> _Data provided_
● ● ● ●
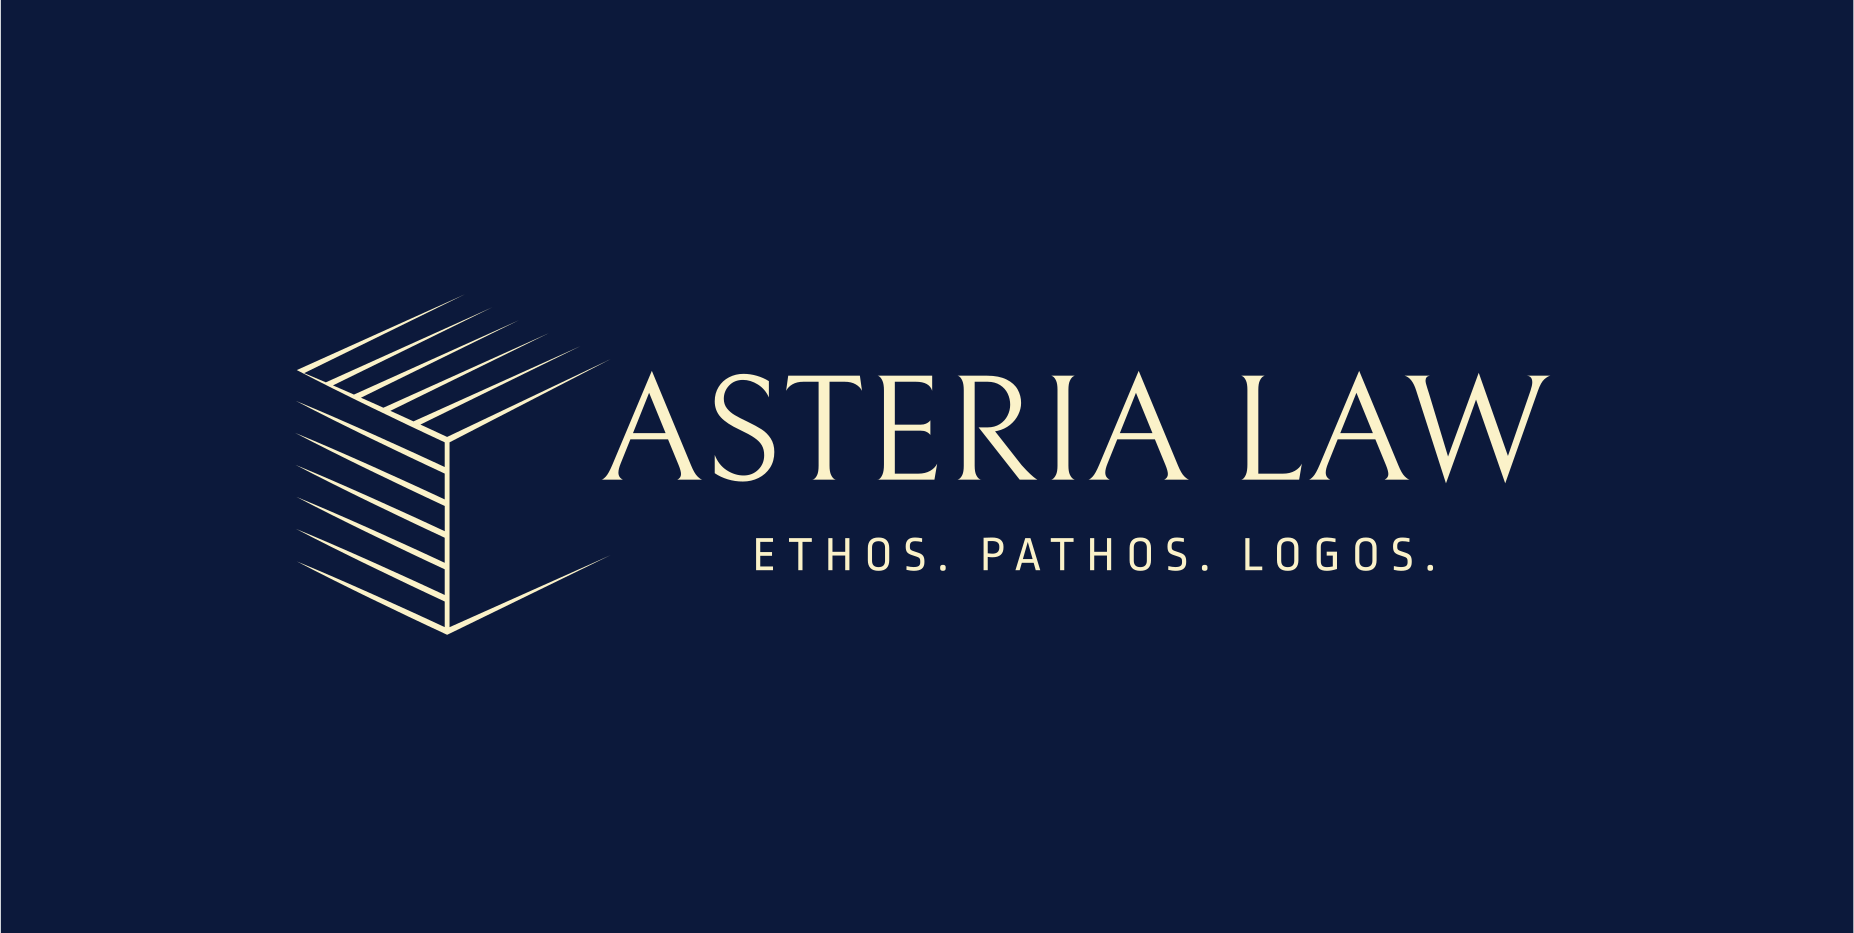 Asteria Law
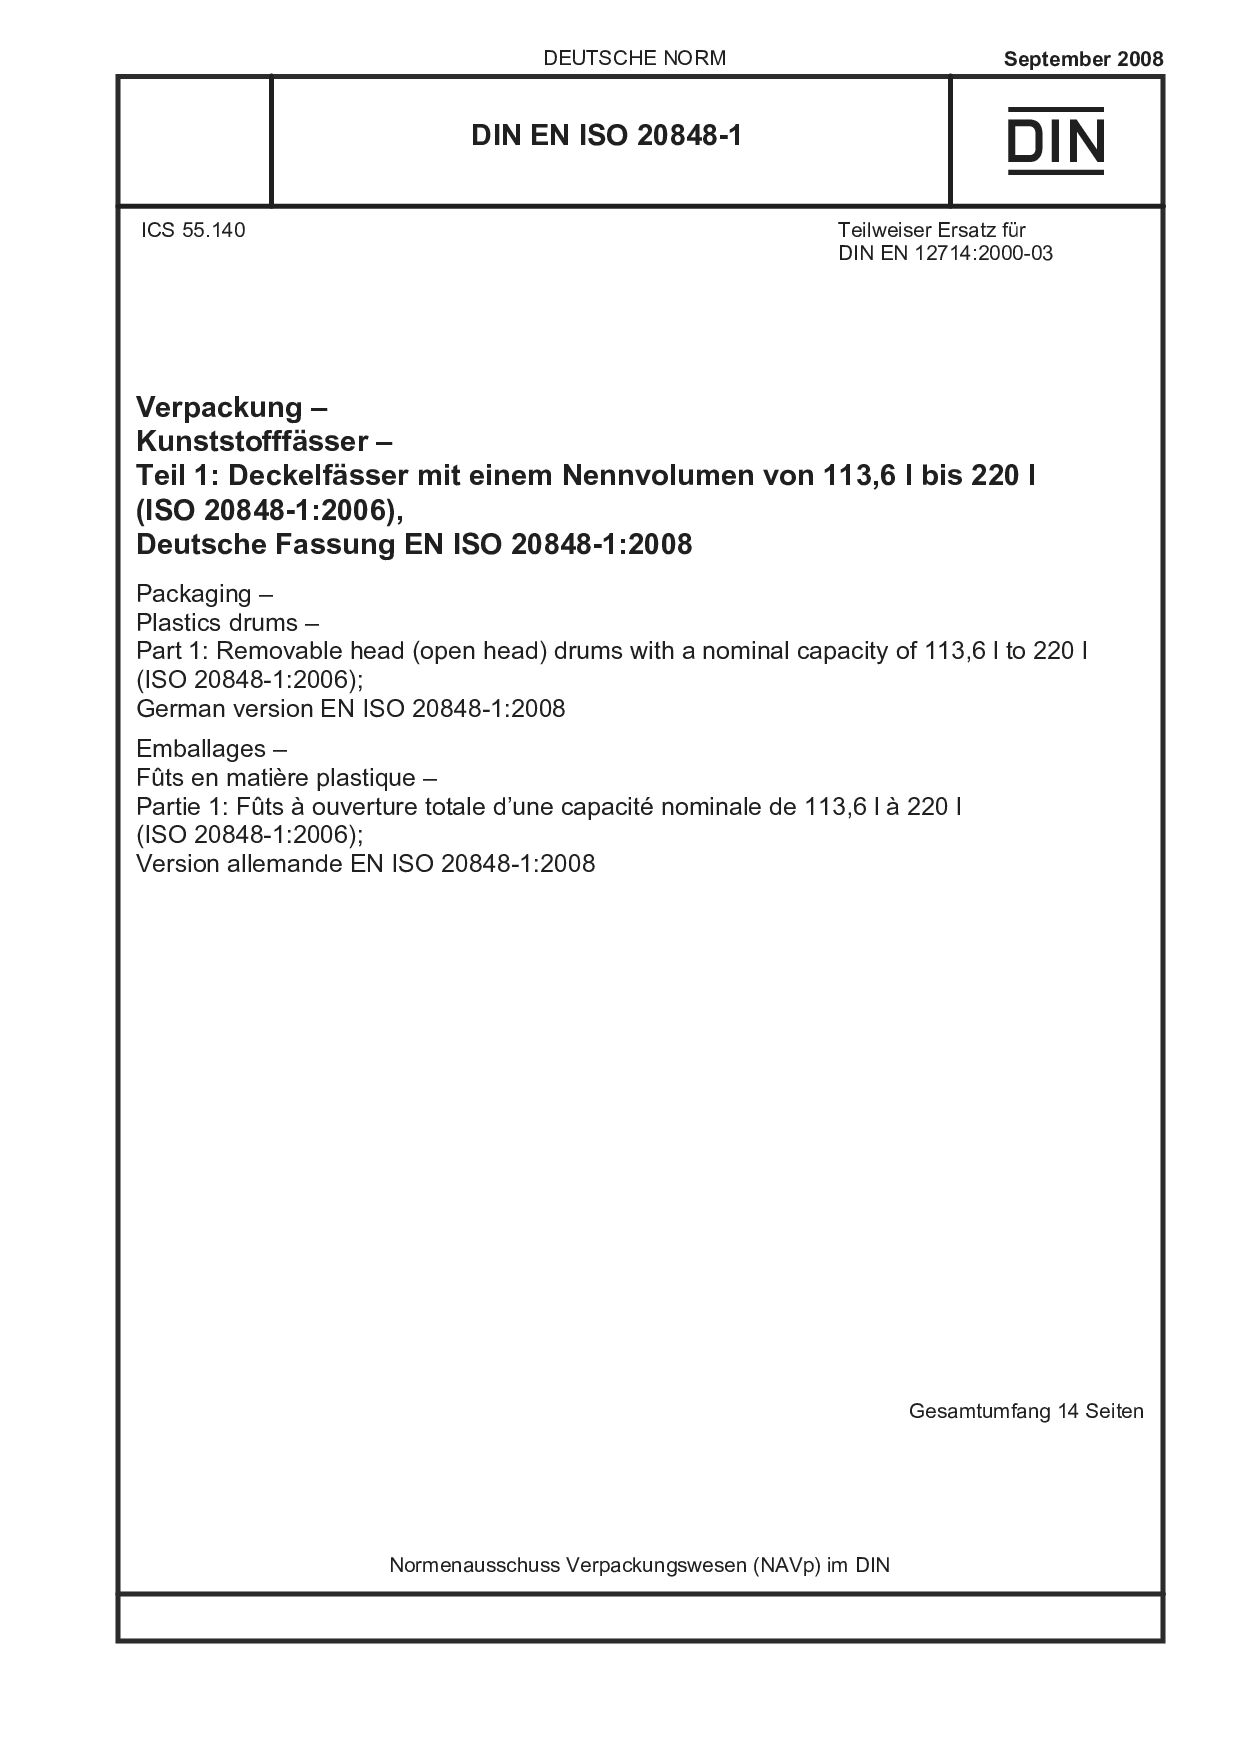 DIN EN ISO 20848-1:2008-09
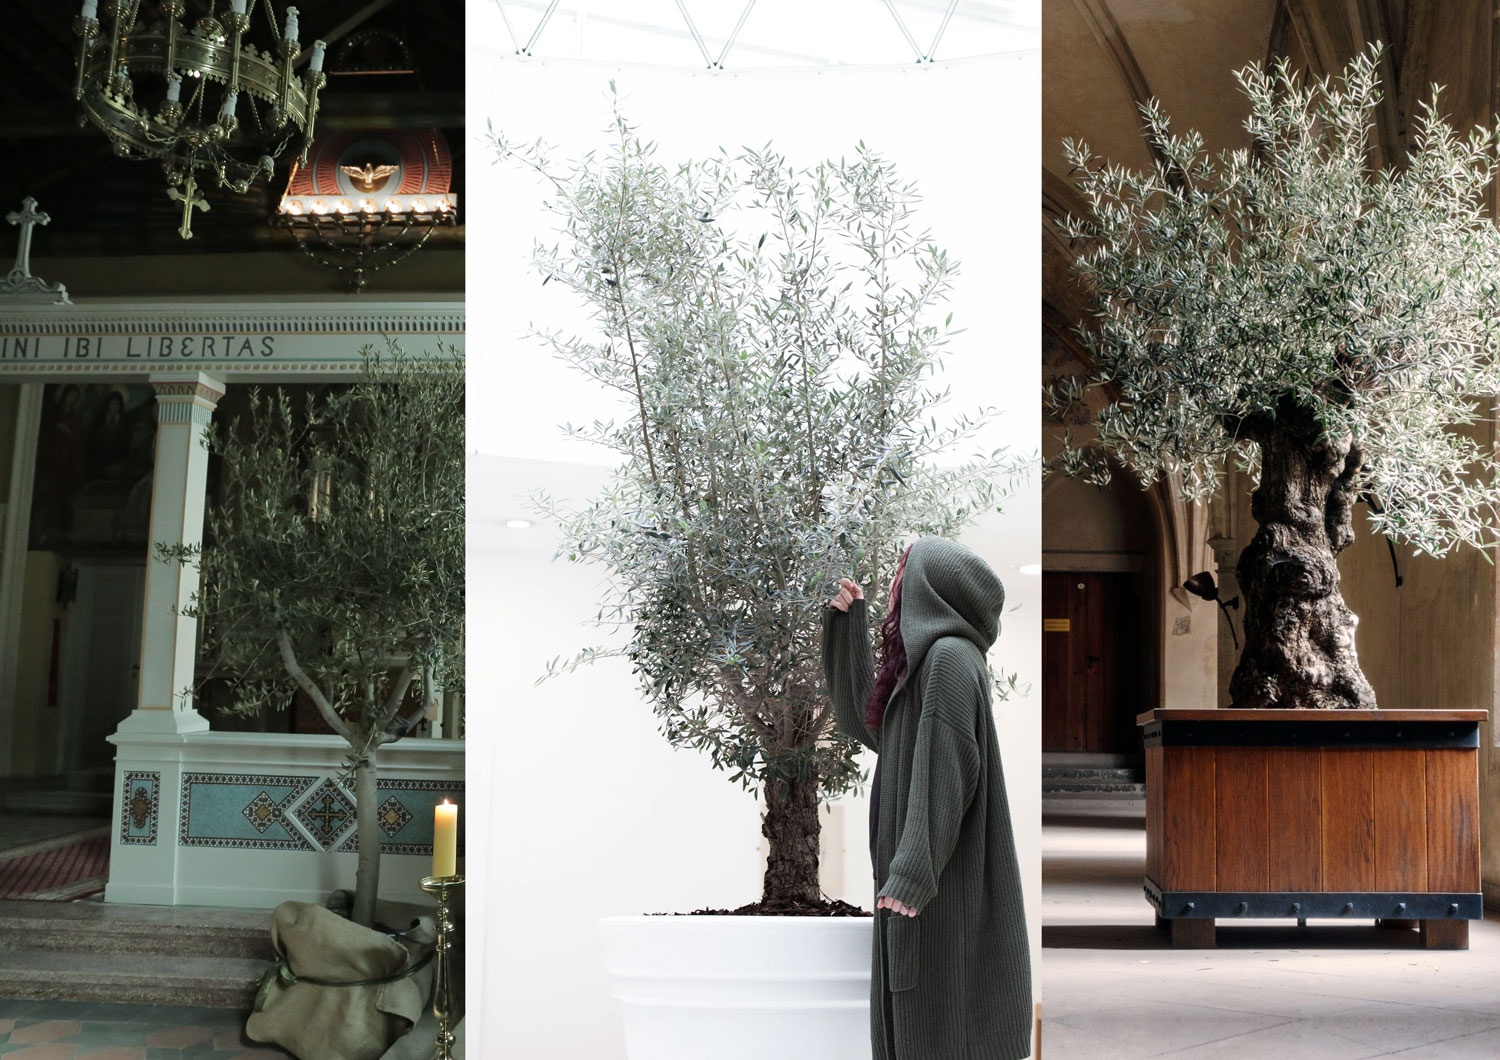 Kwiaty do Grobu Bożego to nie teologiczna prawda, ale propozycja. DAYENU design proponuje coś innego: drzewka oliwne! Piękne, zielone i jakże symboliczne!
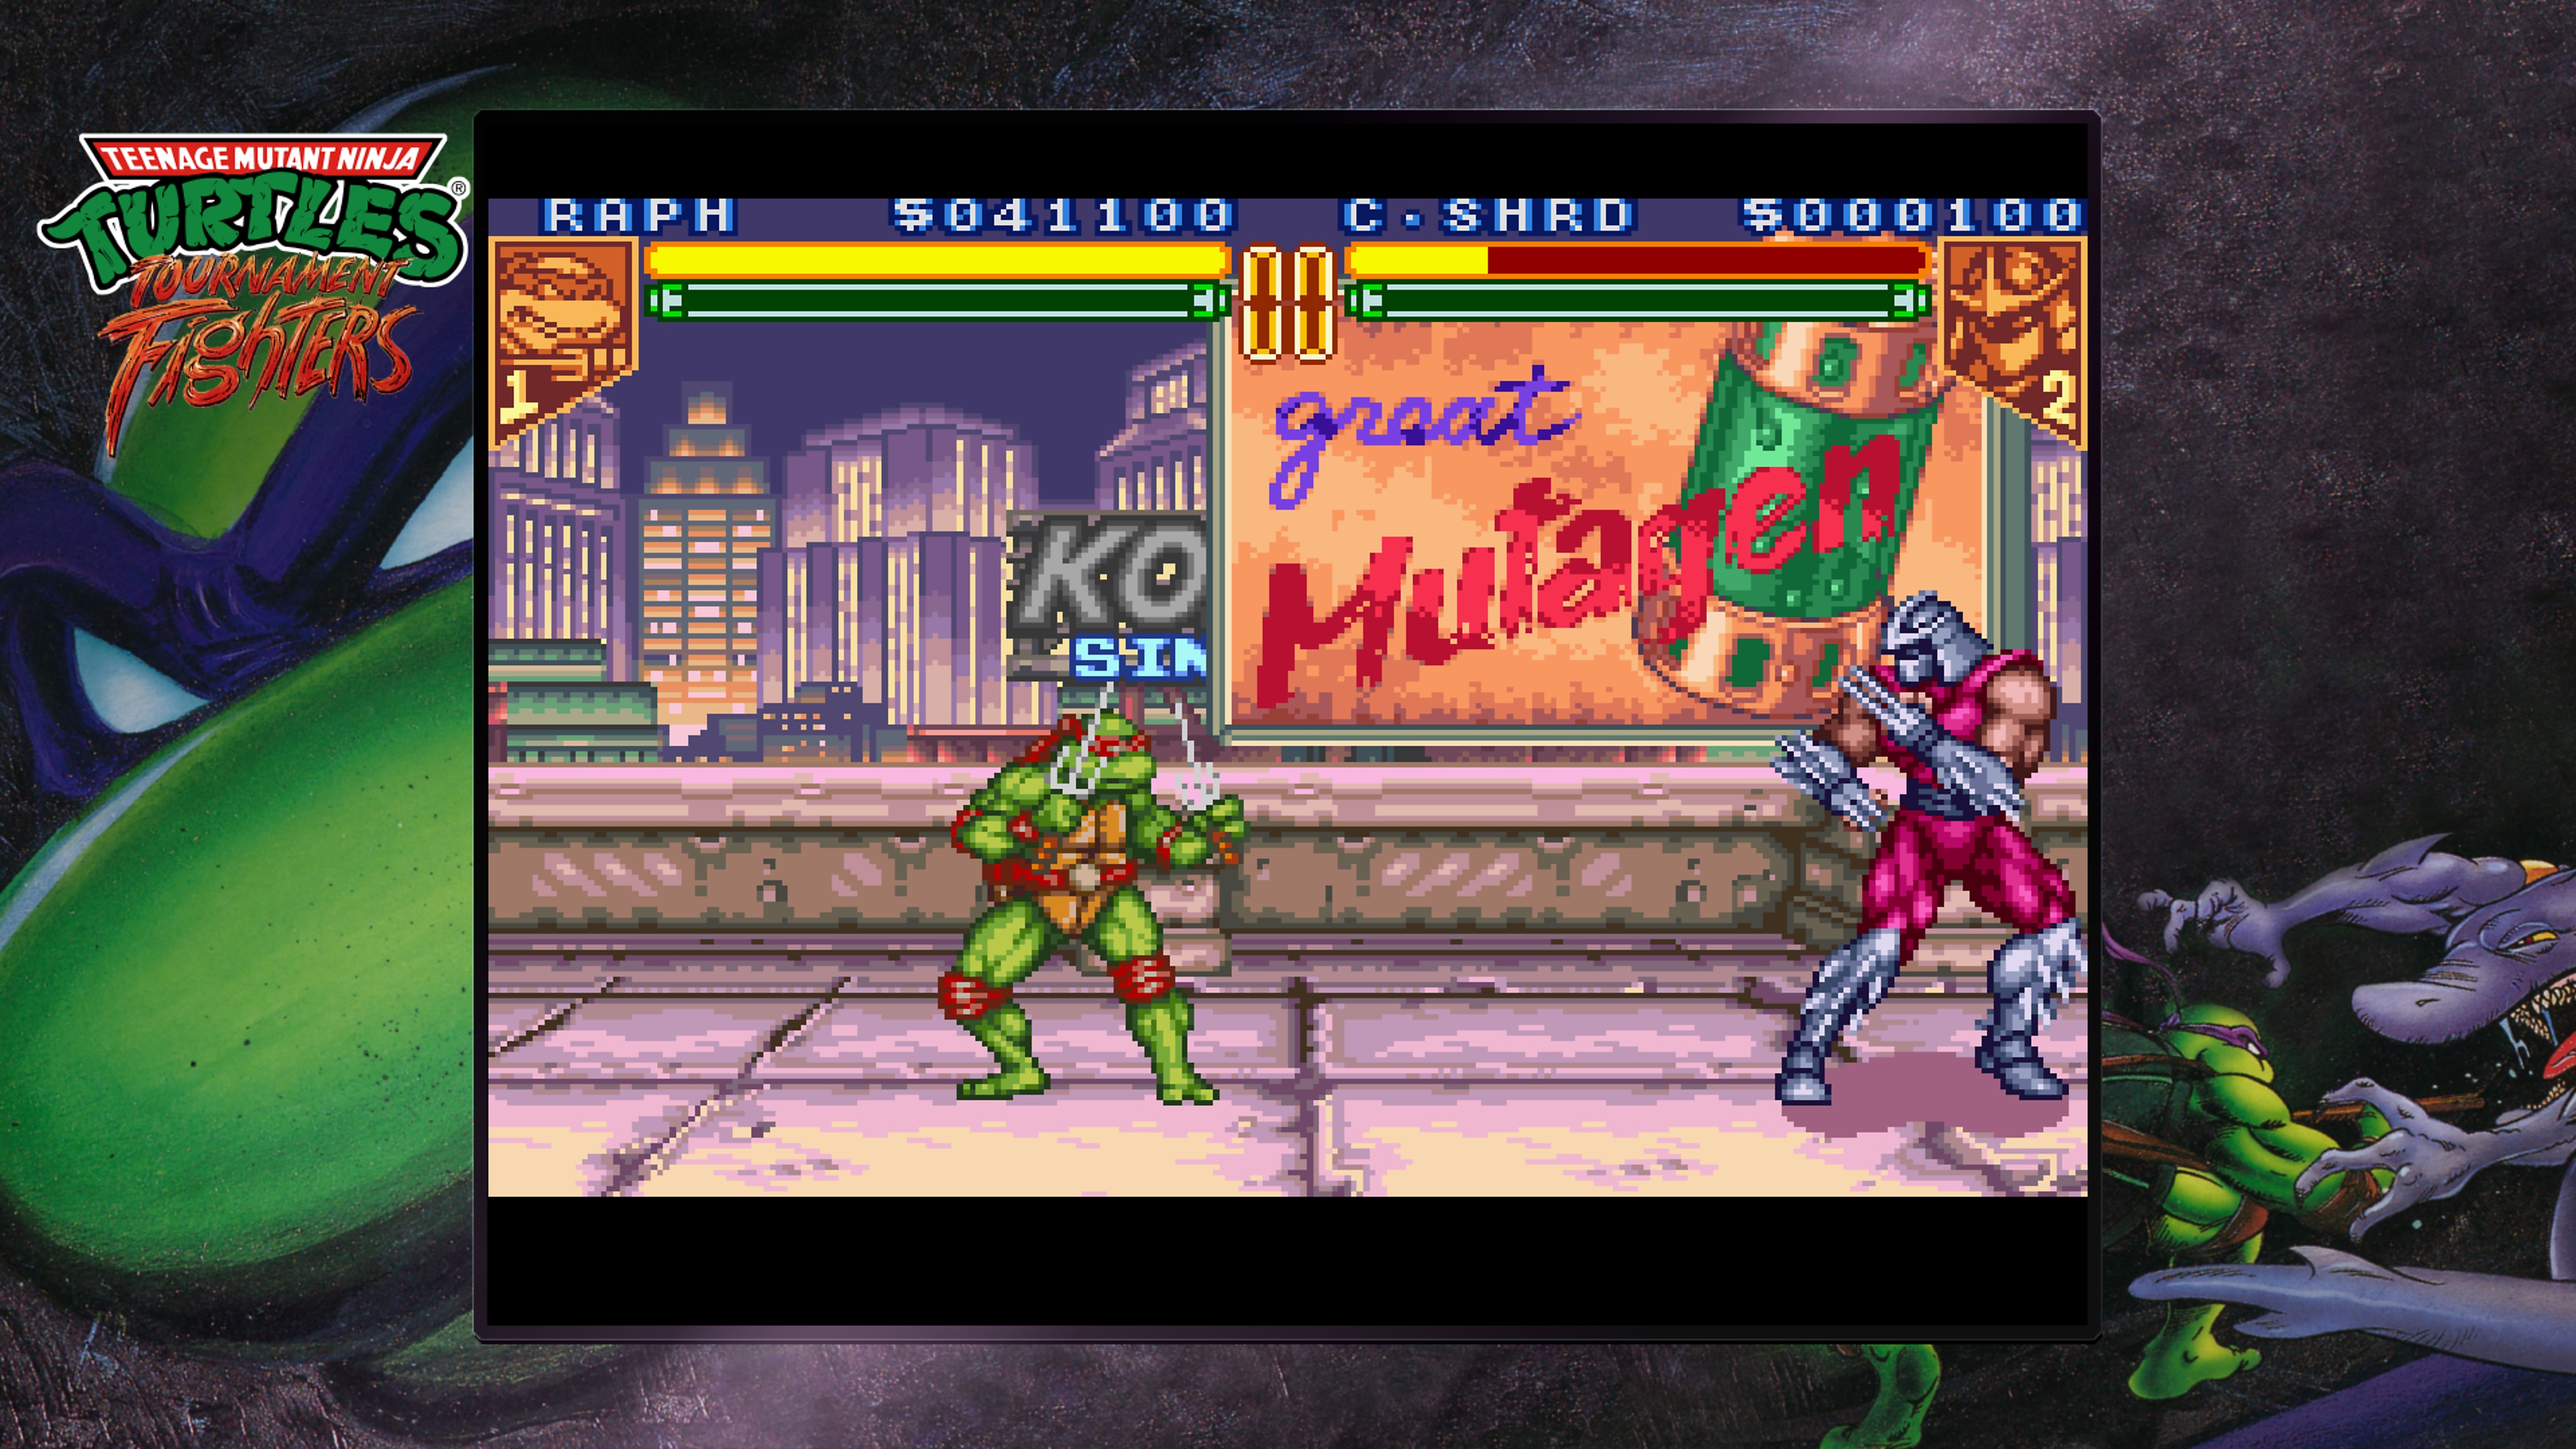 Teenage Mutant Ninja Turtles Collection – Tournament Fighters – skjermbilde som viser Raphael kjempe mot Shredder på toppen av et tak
● ● ● ●
> _Exercise aim_
Reproduce the data above exactly, leaving each picture out.

> _Output_
 Asteria Law
 DIN EN ISO 20848-1:2008-09
 Kwiaty do Grobu Bożego to nie teologiczna prawda, ale propozycja. DAYENU design proponuje coś innego: drzewka oliwne! Piękne, zielone i jakże symboliczne!
 Teenage Mutant Ninja Turtles Collection – Tournament Fighters – skjermbilde som viser Raphael kjempe mot Shredder på toppen av et tak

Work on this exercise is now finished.